Despite his defeat, Löfven said he wanted to continue as Prime Minister and said he saw good opportunities on the horizon to do so, reports Sweden’s Expressen.
The vote was triggered by the Moderate party after September’s national election failed to return a viable coalition, with both the left wing grouping led by Mr Löfven’s Social Democrats gaining 144 seats and the centre-right coalition led by the Moderates taking 143.
The populist, anti-mass migration Sweden Democrats are in a position to be kingmakers, but both potential coalition groups have ruled out working with the party, which they accuse of being too extreme to be allowed near power.
The Social Democrat party has won every single Swedish general election since 1914, when it displaced the conservative Moderate party, meaning a single party either alone or in coalition has ruled the Swedish state non-stop for over a century. If the centre-right coalition does embrace the populist Sweden Democrats to avoid fighting another election, the new government would be a historic one, and represent a significant change in direction for Sweden.

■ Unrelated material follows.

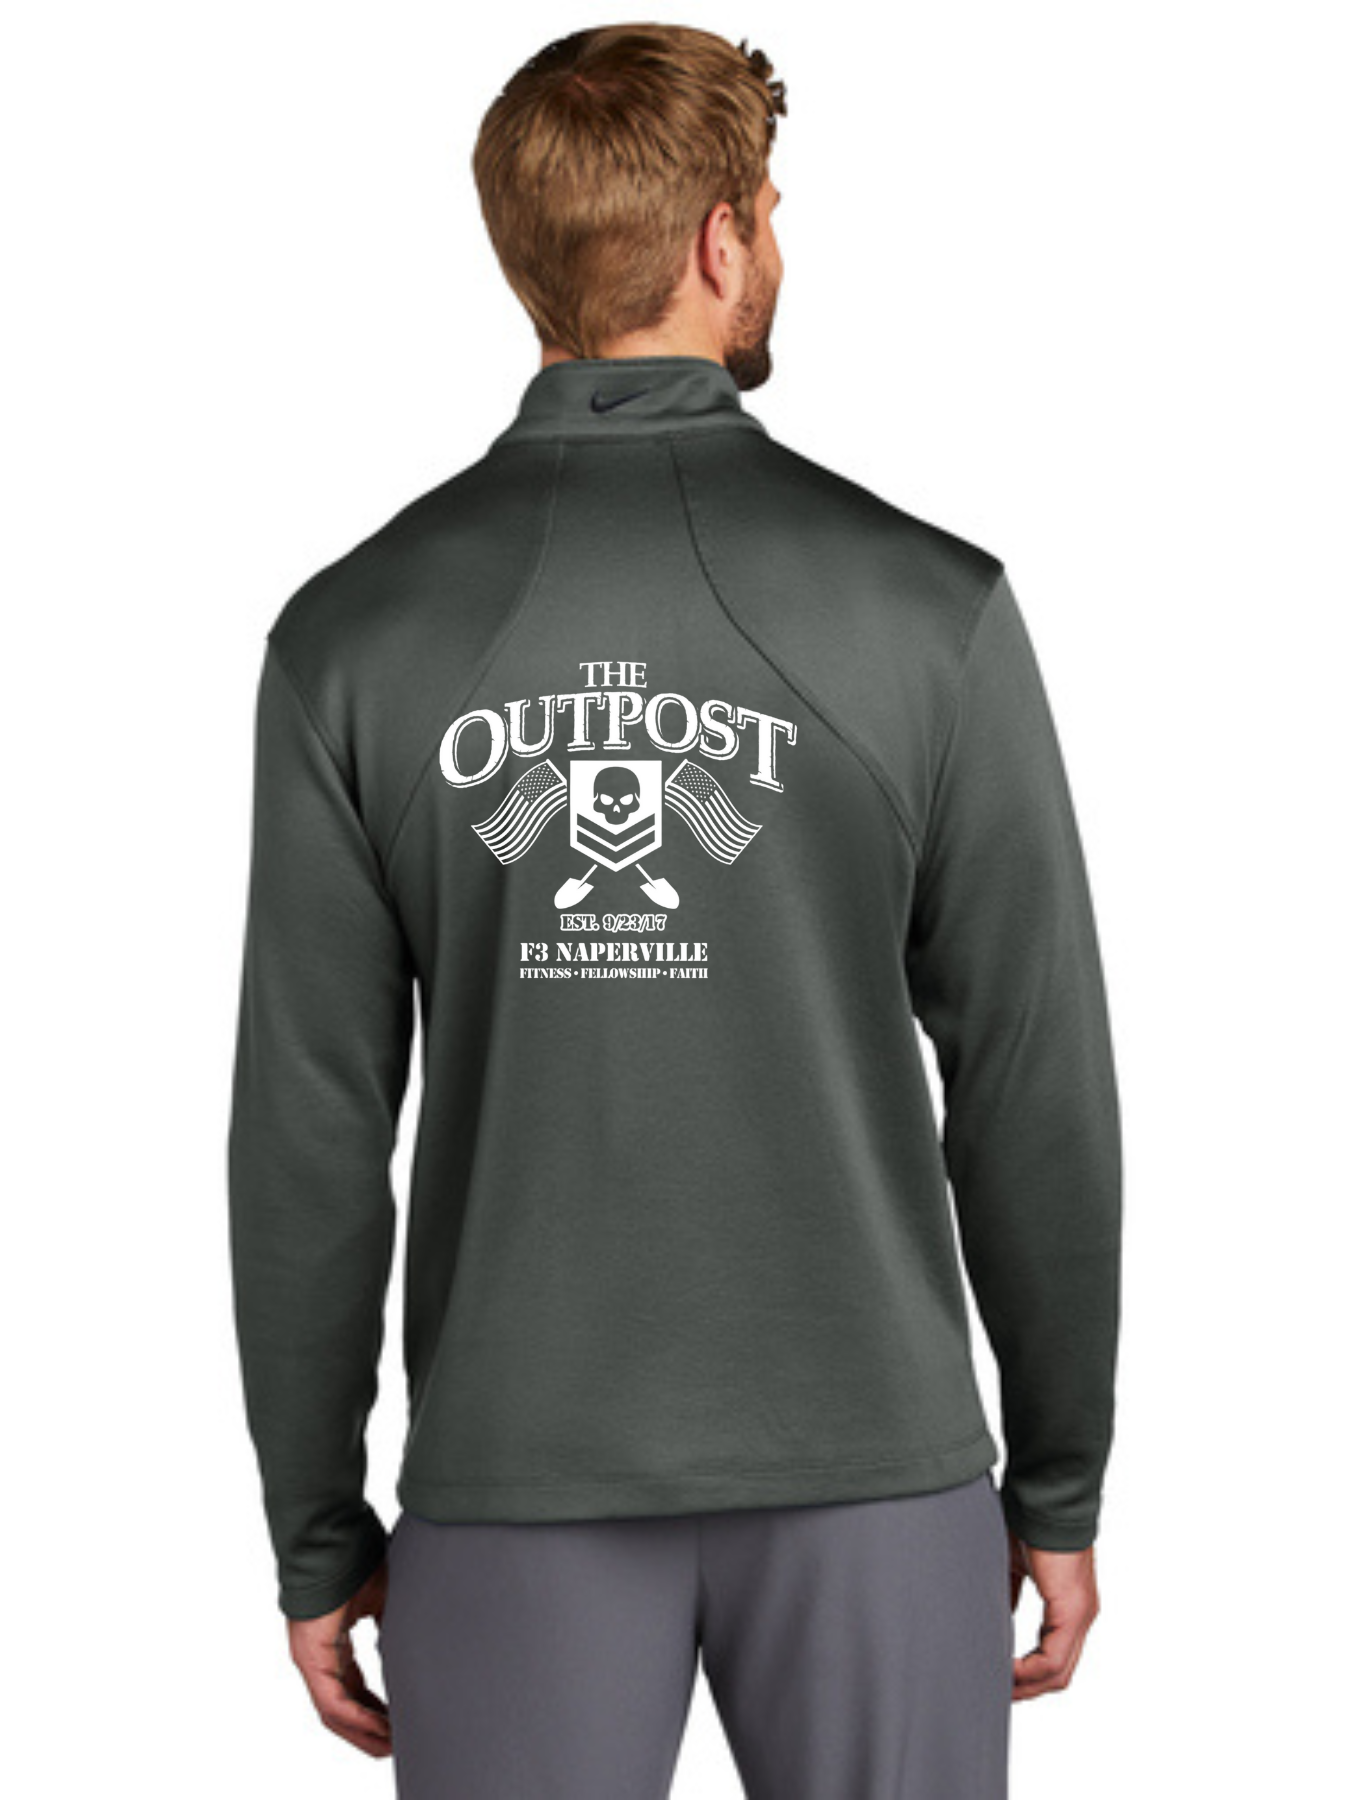 F3 Naperville The Outpost Pre-Order October 2022

Although the Sweden Democrat’s anti-mass migration views are highly cited by establishment parties as a reason for refusing cooperation in the Swedish parliament, it is concerns over that very issue which are widely perceived to have pushed Löfven’s left-wing party to record its worst national result this month since March 1914.
The Europe Migrant Crisis began to bite shortly after Sweden’s previous election, and rather than protecting Sweden’s external borders, Löfven elected to follow German Chancellor Angela Merkel’s lead in welcoming large numbers of migrants to the nation. Within the first year of arrivals, Sweden had already welcomed more migrant crisis arrivals than any other nation in Europe, per capita.
The 2018 Eurobarometer poll laid bare the impact this sudden upheaval has had on Swedish society when it showed just 24 percent of Swedes thought the integration of new arrivals was going well, while 73 percent said it was going badly. In separate polling from last month, 73 percent of Swedes were then shown to believe their nation was going in the “wrong direction”, well above the worldwide average for home concern.
Despite the perceived link between his hardened views on open borders and his decline in popularity, Löfven last week nevertheless doubled down on the topic, demanding ahead of the European Union Salzburg summit that mass migration must be forced upon reluctant nations. The Swedish journalist questioning the Prime Minister on the subject reported he became visibly angry when discussing the subject.